Romanesque style is retained through the whole of the thirteenth century, appearing conspicuously in Salisbury, in the Presbytery of Lincoln, and in many other buildings.
FIG. 153.Internal string-courses do not much differ in profile from those of the exterior, except that the drip-stone form is not always so fully developed in them. A characteristic early example is that shown at e, Fig. 152, which is the string at the level of the window sills in the aisle of the choir of Lincoln. The drip form, however, frequently occurs, as at f, the triforium string of the same choir.

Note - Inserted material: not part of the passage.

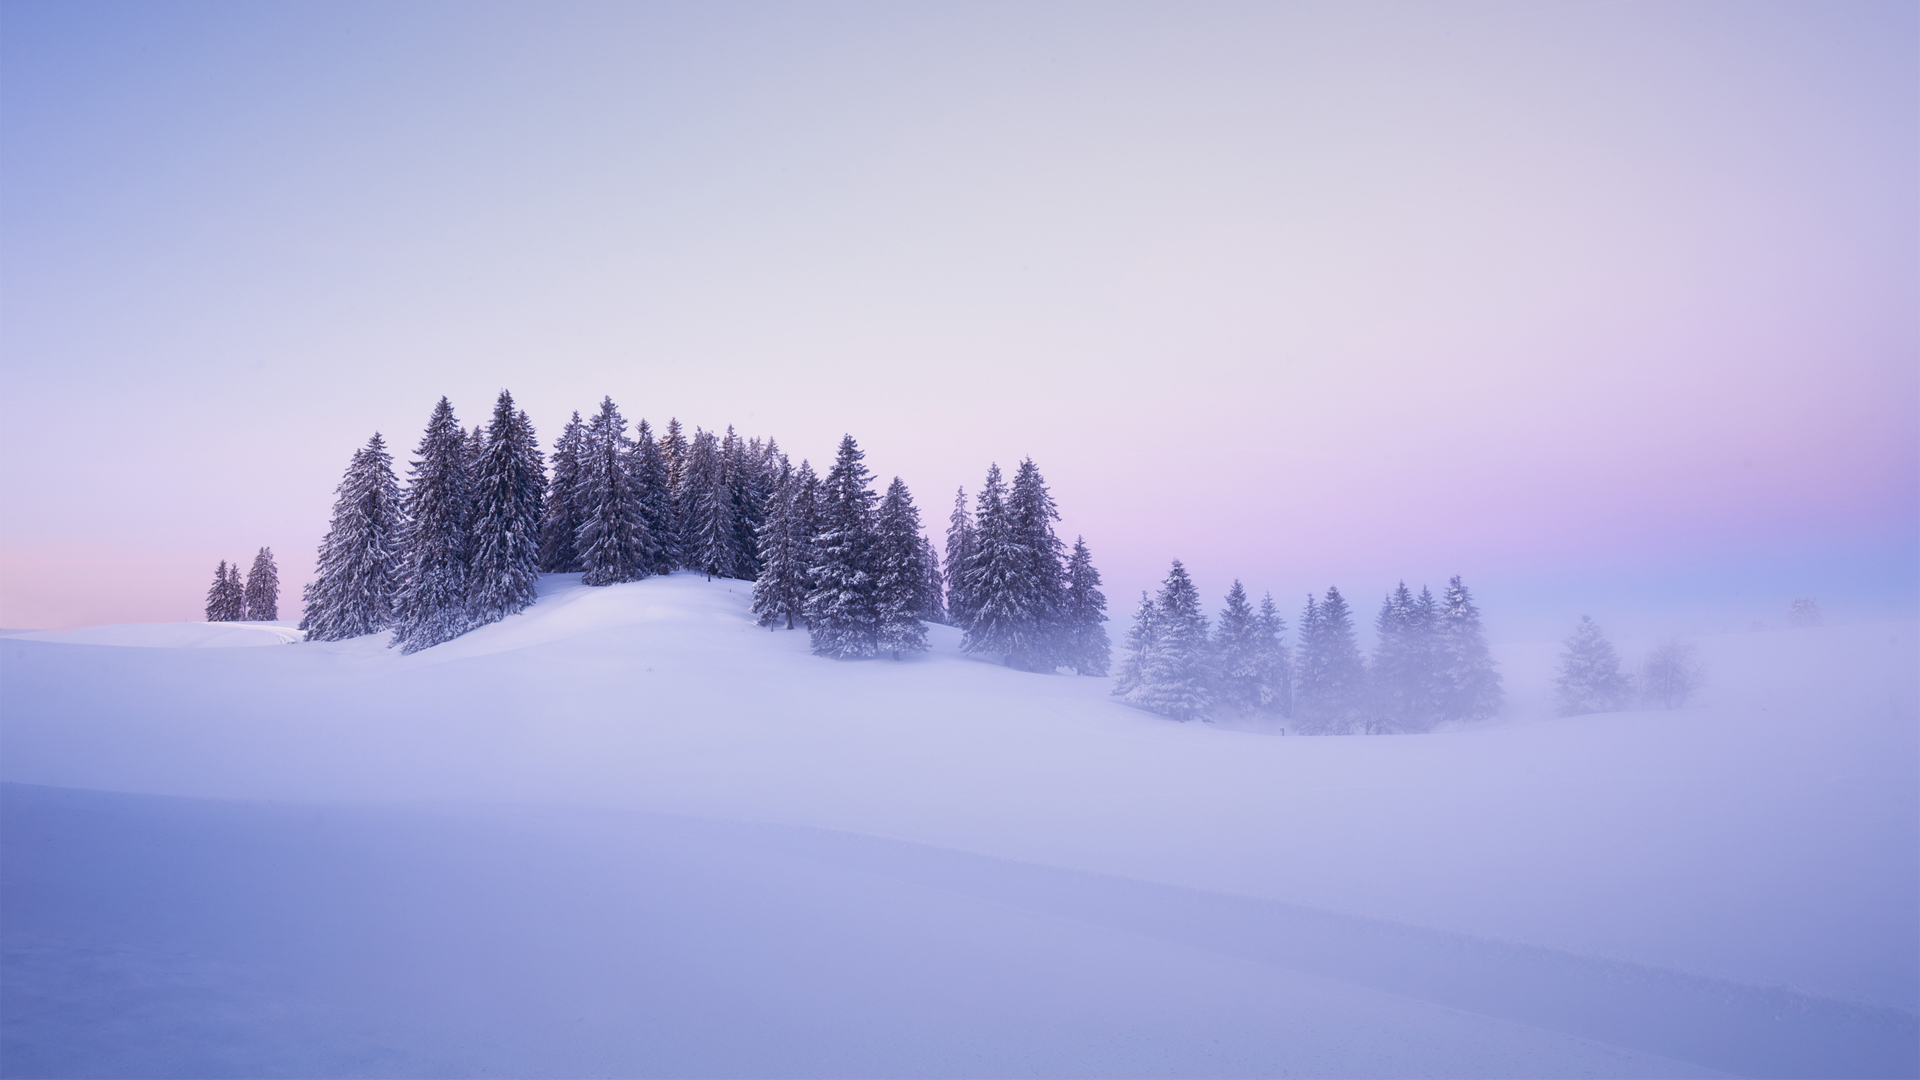 瑞士冬季 雪 树木 冬天自然风景壁纸

In arch mouldings the Anglo-Norman architects displayed a singular predilection for multiplicity of members varying in profile and separated from each other by deep hollows. In this way a considerable effect of lightness was given to arches that were really very massive. Even in the most purely Norman buildings in England, such as St. Albans, Norwich, Romsey, Ely, Peterborough, and others, the fondness for multiplicity of parts in arch sections is shown by the employment of at least three orders in the main arches, and these orders are not uncommonly again subdivided. This multiplication of orders naturally led to the circular impost section, to which the round abacus was not seldom adjusted, as at Southwell (Fig. 153). And in the early pointed style the round section was soon introduced into each separate order by new arrangements of the rounds, hollows, and fillets, into which these orders were subdivided. One of the distinctly Anglo-Norman peculiarities of arch mouldings appears for the first time, so far as I know, in the hollow which is given to the soffit of the sub-order of the pier arcade in the nave of Malmesbury Abbey (Fig. 154).